Roles of thiolate ligands in the synthesis, properties and catalytic application of gold nanoclusters

Abstract

Ultrasmall (<2 nm) ligand-protected metal nanoclusters (NCs) have been an emerging class of functional materials with rich coordination chemistry, finding increasing acceptance in both basic and applied research owing to their atomic precision, well-defined molecular structure, and intriguing molecular-like properties. The presence of ligands on metal NCs is crucial not only for maintaining their atomic precision and well-defined structure, but also for their rich coordination chemistry with noble metals, influencing the synthesis, and physicochemical and catalytic properties of metal NCs. In this review, we discuss the important roles of ligands to metal NCs, taking water-soluble gold nanoclusters (Au NCs) as an example.
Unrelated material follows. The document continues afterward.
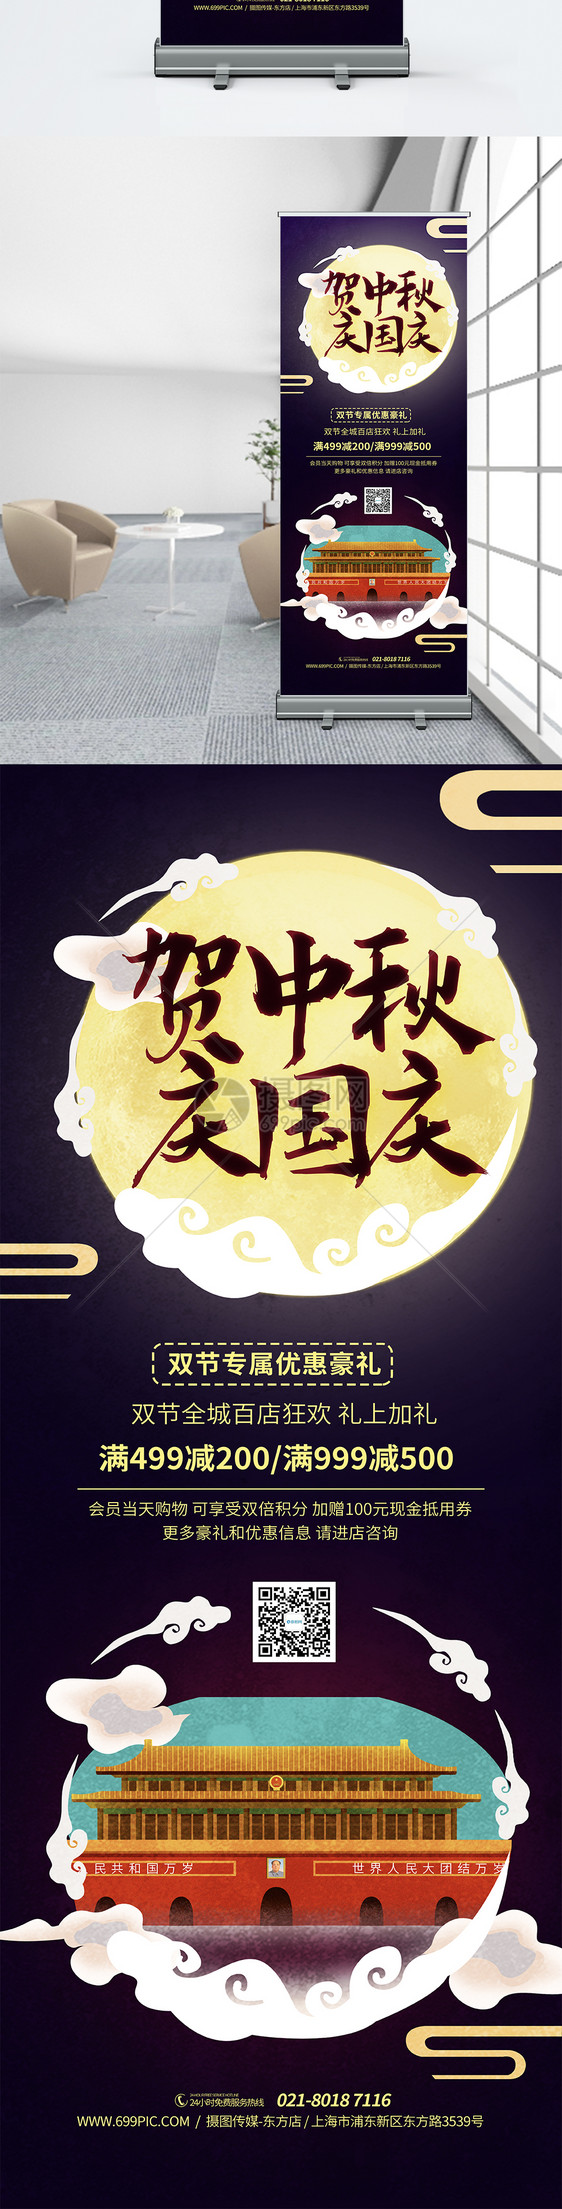 欢度中秋国庆节双节同庆促销模板图片

The review covers the fundamental understandings (and advances) on the roles of ligands to water-soluble Au NCs in the synthesis (e.g., influencing the size and formation rate, and revealing the growth mechanisms), physicochemical properties (e.g., geometrical structure, chirality, stability, solubility, and electronic, photoluminescence and biological properties) and catalytic applications (e.g., accessibility, activity, selectivity, and coordination of catalytic mechanism of quasi-homogeneous catalysts and immobilization of heterogeneous catalysts). The review also highlights some challenging issues on how ligands and ligand engineering could expand the scope of metal NCs in the synthesis, physicochemical properties, and catalytic application.